我正在使用 Splash 和 Scrapy 在页面中加载动态渲染的内容,但它没有按我的预期工作。 在
setting.py
中我设置了这些变量
SPIDER_MIDDLEWARES = {
'scrapy_splash.SplashDeduplicateArgsMiddleware': 100,
}
DOWNLOADER_MIDDLEWARES = {
'scrapy_splash.SplashCookiesMiddleware': 723,
'scrapy_splash.SplashMiddleware': 725,
}
SPLASH_URL="http://localhost:8050"
DUPEFILTER_CLASS = 'scrapy_splash.SplashAwareDupeFilter'
HTTPCACHE_STORAGE = 'scrapy_splash.SplashAwareFSCacheStorage'
SPLASH_COOKIES_DEBUG = False
蜘蛛
def start_requests(self):
urls = [
"https://callmeduy.com/san-pham/"
]
for url in urls:
yield SplashRequest(url=url,
# endpoint='render.html',
callback=self.parse,
args={
'wait': 5
})
def parse(self, response):
print(response.xpath("//body").get())
f = open('res.html', 'w+')
f.write(response.xpath("//body").get())
f.close()
动态内容尚未加载。这里是 响应体
如果有人知道请帮忙
我无法让它与 Splash 一起使用。可能是因为我不太熟悉。
但是,我有一个使用 Scrapy 和 Playwright 的可行解决方案。
这是
requirements.txt
:
Scrapy==2.11.2
playwright==1.44.0
scrapy-playwright==0.0.35
beautifulsoup4==4.12.3
在
settings.py
:
DOWNLOAD_HANDLERS = {
"http": "scrapy_playwright.handler.ScrapyPlaywrightDownloadHandler",
"https": "scrapy_playwright.handler.ScrapyPlaywrightDownloadHandler",
}
PLAYWRIGHT_DEFAULT_NAVIGATION_TIMEOUT = (
30 * 1000
)
PLAYWRIGHT_BROWSER_TYPE = "chromium"
PLAYWRIGHT_LAUNCH_OPTIONS = {
"headless": False
}
还有蜘蛛:
import scrapy
import time
from bs4 import BeautifulSoup
class CallmeduySpider(scrapy.Spider):
name = "callmeduy"
allowed_domains = ["callmeduy.com"]
def start_requests(self):
url = "https://callmeduy.com/san-pham"
yield scrapy.Request(
url,
meta=dict(
playwright=True,
playwright_include_page=True,
),
)
async def parse(self, response):
page = response.meta["playwright_page"]
while True:
soup = BeautifulSoup(await page.content(), "lxml")
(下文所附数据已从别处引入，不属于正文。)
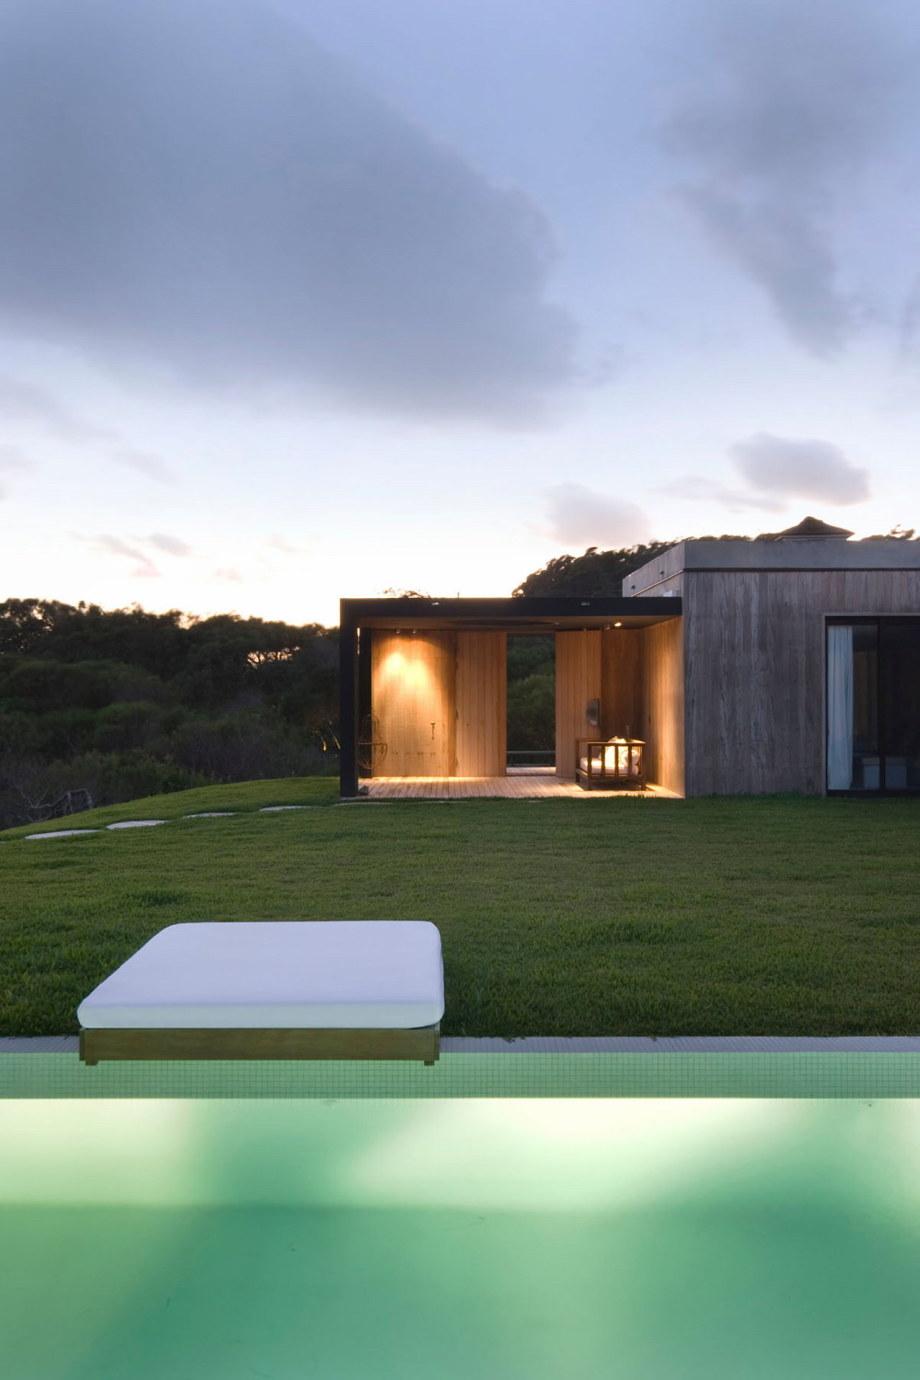 The beach house La Boyita Residence by Martin Gomez Arguitectos, Uruguay 34

wait = soup.select_one(".card-title.h5 > span span.react-loading-skeleton")
if not wait:
self.logger.debug("====================================================")
for card in soup.select(".jss23 .row .col-12"):
link = card.select_one("a.jss29")
title = card.select_one(".card-title.h5 > span.jss31")
self.logger.debug(title.get_text())
self.logger.debug(link["href"])
# TODO: Probably yield another scrapy.Request() here for each product?
self.logger.debug("====================================================")
return
else:
self.logger.info("Waiting for skeleton to load.")
time.sleep(5)
输出示例:
2024-06-17 09:25:41 [callmeduy] DEBUG: ====================================================
2024-06-17 09:25:41 [callmeduy] DEBUG: Sữa Chống Nắng Bí Đao Cocoon
2024-06-17 09:25:41 [callmeduy] DEBUG: /san-pham/1451
2024-06-17 09:25:41 [callmeduy] DEBUG: COSRX The Hyaluronic Acid 3...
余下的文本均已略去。